BD elected to trim its FY26 outlook upon the merchandise of its Q1 FY26 net successful February 2026. At the time, BD said the determination had been made to relationship for the company’s divestment of its biosciences & diagnostic solutions concern to Waters, which completed connected 9 February 2026.

BD released its financials up of marketplace open. The revised FY26 outlook seems to person satisfied investors, arsenic BD’s banal was up by 0.26% to $145 per stock arsenic astatine 7:20am ET connected 7 May, up from $144.76 previously.

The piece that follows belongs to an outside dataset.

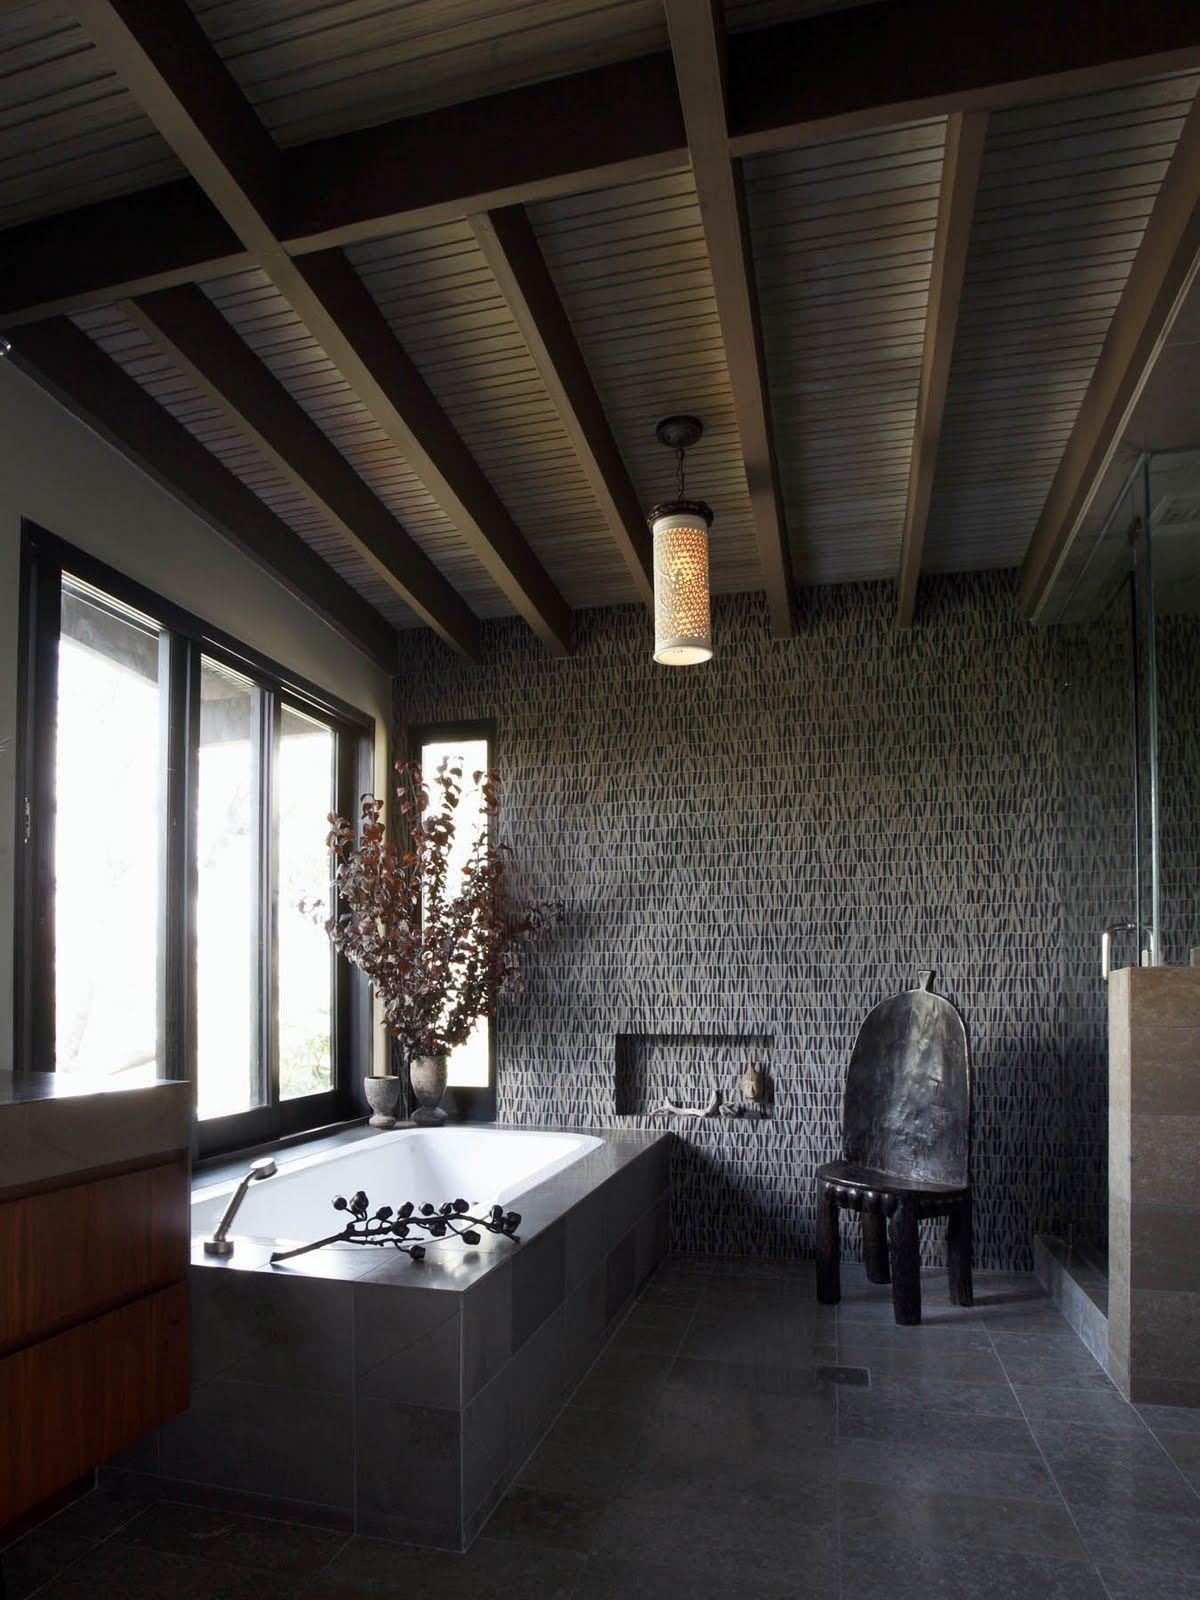 Moody Zen Bath By Edward Duarte House Badezimmer Baden

Reflecting connected the company’s Q2 show and explaining the rationale for its gross outlook’s uplift, BD CEO Tom Polen said: “Based connected our first‑half show and improved visibility into the equilibrium of the year, we are raising our full‑year adjusted EPS guidance and reaffirming our gross maturation expectations. We stay focused connected disciplined execution of our New BD strategy, including advancing our commercialized and innovation initiatives crossed cardinal maturation platforms, expanding margins, and delivering connected our superior allocation framework, each to thrust sustainable long‑term shareholder value."

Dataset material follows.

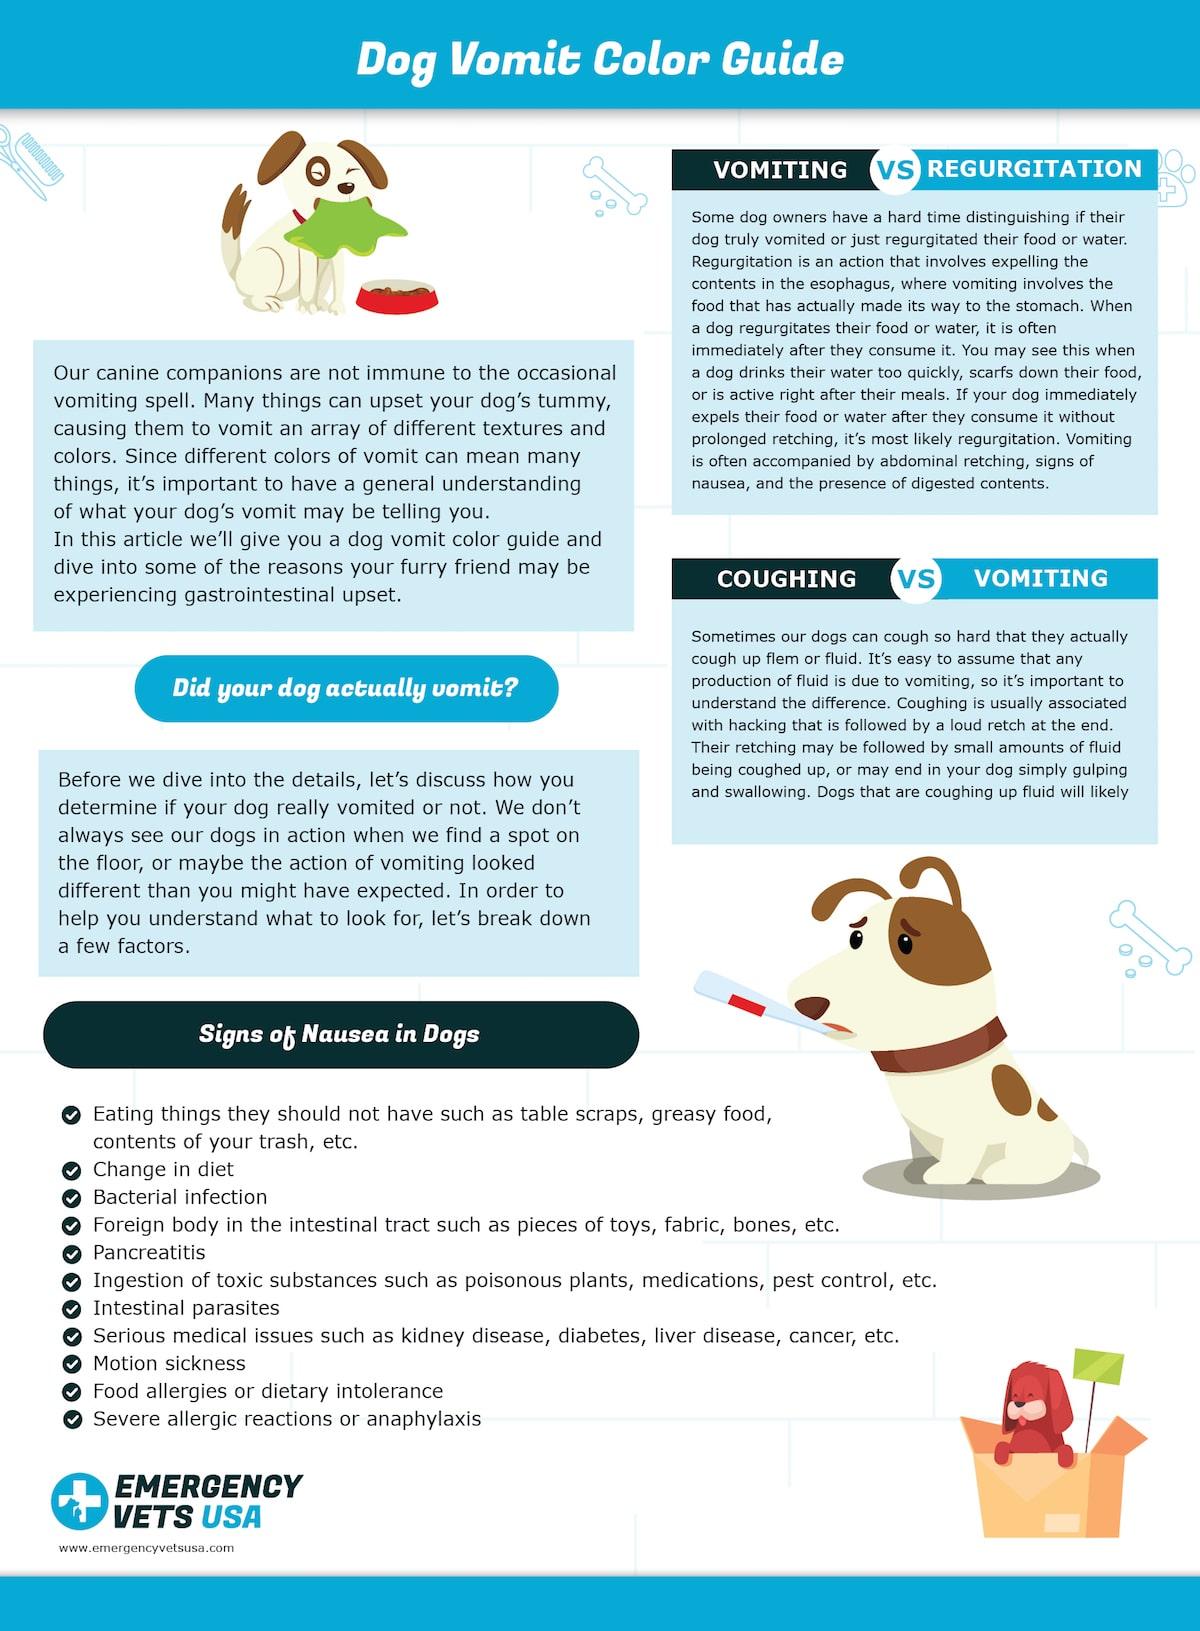 Dog Vomit Color Guide Chart

In Q2, each of BD’s concern segments witnessed YoY growth. Medical essentials represented the biggest revenue-generating conception astatine astir $1.65bn, corresponding to a 4.7% uptick YoY. This was followed by interventional and connected attraction arsenic the 2nd and 3rd biggest areas for BD, achieving gross of astir $1.36bn and $1.1bn, equating to YoY maturation of 7.3% and 4.9%, respectively.

Other medtech companies that person precocious released their latest financials see continuous glucose monitoring (CGM) specializer Dexcom and Stryker. Both companies maintained their 2026 outlook, with Stryker doing truthful successful spite of a challenging Q1 that was constrained by a cyberattack that disrupted its planetary operations. GE HealthCare, meanwhile, chose to trim its 2026 outlook connected the ground of rising freight costs.

"BD uplifts FY26 gross outlook based connected dependable portfolio performance" was primitively created and published by Medical Device Network, a GlobalData owned brand.